Publish-safe, the careful part
Making the repos public meant scrubbing them — and that's irreversible, so every step got a gate. I found secrets that had been committed in history, untracked them, and rewrote both repos' histories to purge those along with every runtime database, personal config, model weights, and cached photo previews. The first scrub pass missed the biggest blobs (the model weights and the preview cache), so the repo barely shrank until a second pass — always re-scan the largest objects after a history rewrite. The whole thing was gated on a full backup, a bundle, and a byte-identical restore of the live data with a row-count match. All passed. I also de-personalized the source — real names, home locations, owner identity all moved into gitignored config, with neutral placeholders shipping in the source.
Learned
- A move within one volume aside — the deeper lesson today: a fast-forward merge will delete an untracked file from your working tree if a tracked deletion is recorded for that path. I nearly lost a secrets file that way; restore from the stash before restarting anything.

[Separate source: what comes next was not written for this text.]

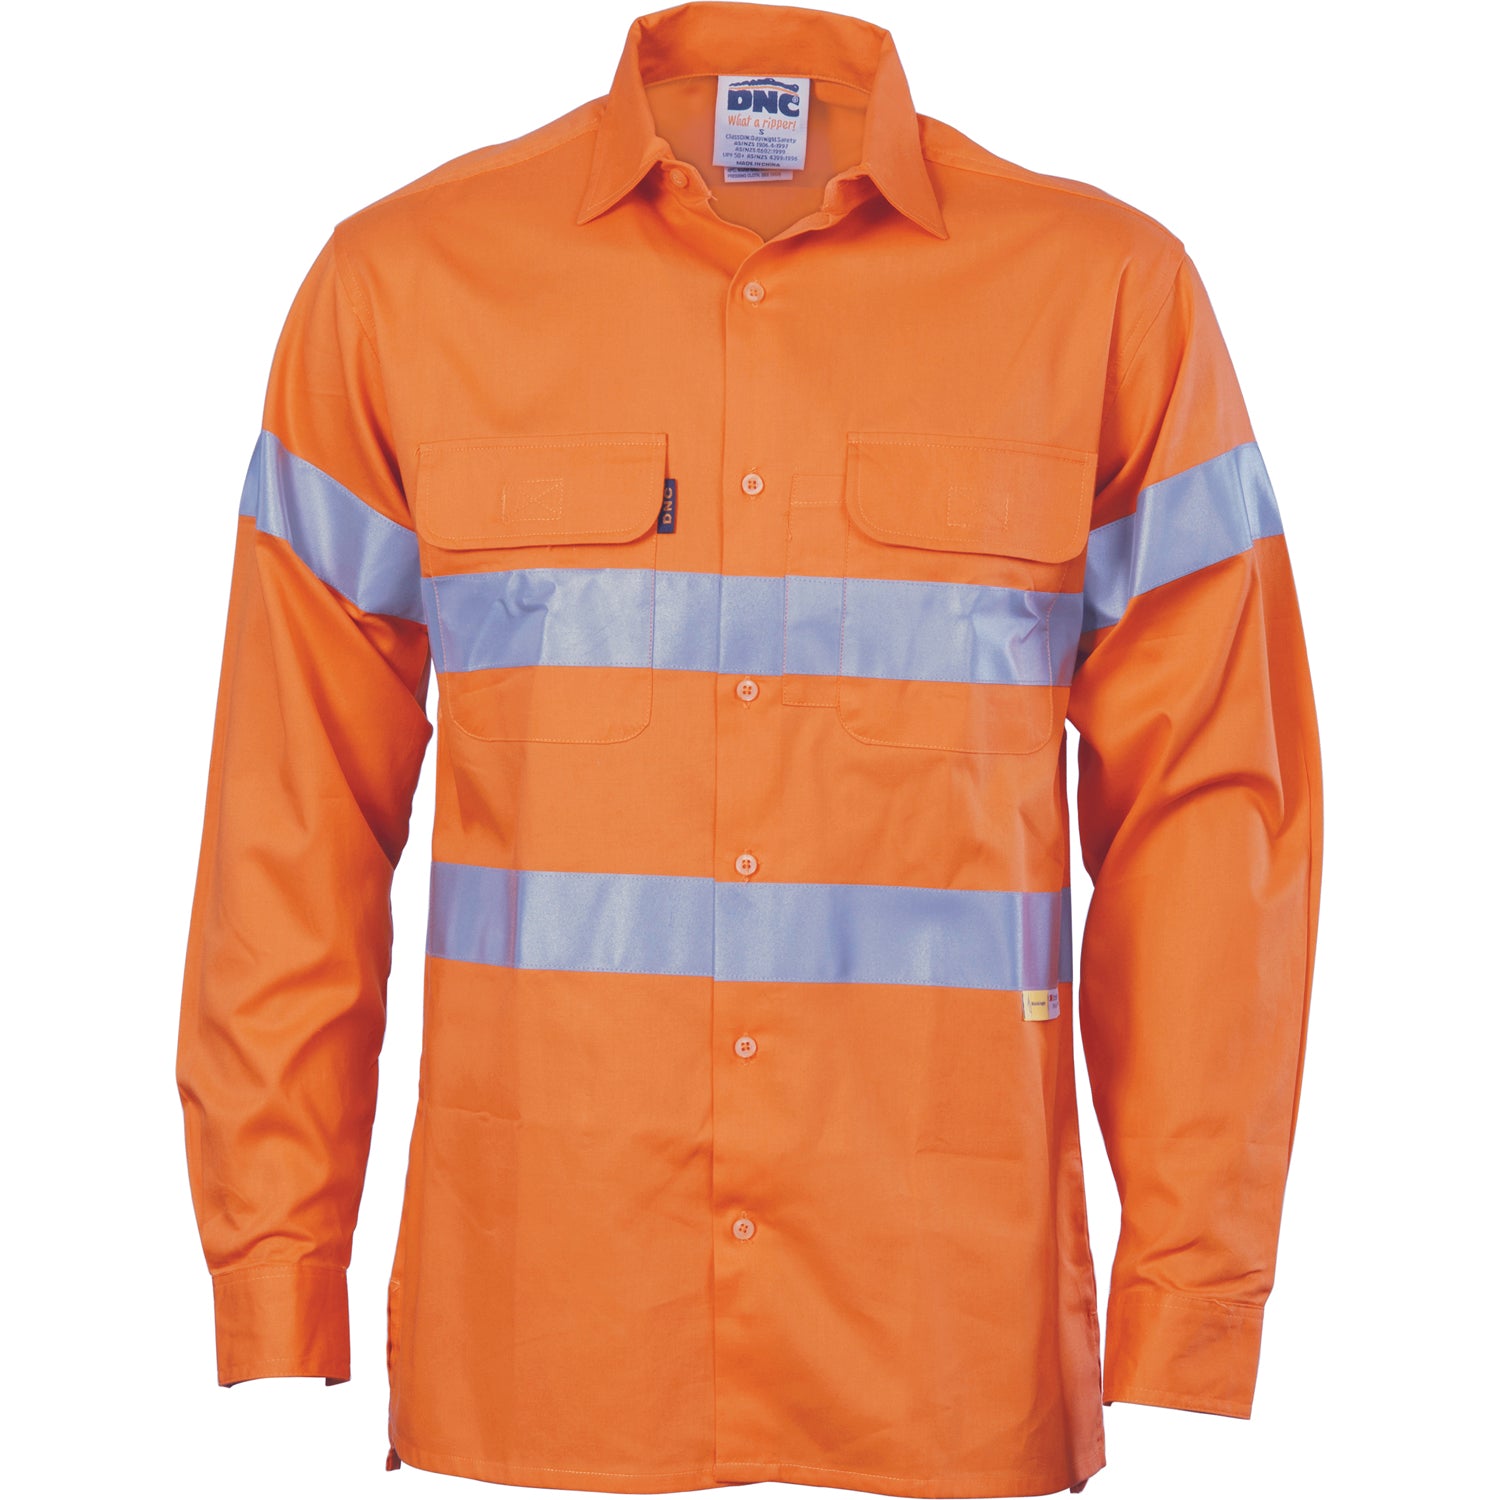 DNC HiVis Cool-Breeze Cotton Shirt with 3M 8906 R/Tape - Long sleeve -(3987)

- After a history scrub, re-scan the largest blobs. Don't trust the first pass.
- Derived caches (a rebuilt-at-startup database) legitimately differ after a restart — prove data integrity by row-count against a pre-op inventory, not by a remembered total that drifts as you cull live.
Still open / next
- Fully scrubbing old commit history — not just the current working tree — is the last step left before the repos are publish-safe.
- Credential rotation is on the pre-publish checklist; going public makes it the right call regardless.
- Onboarding the test user on his own Mac and storage, which I can't reach from here.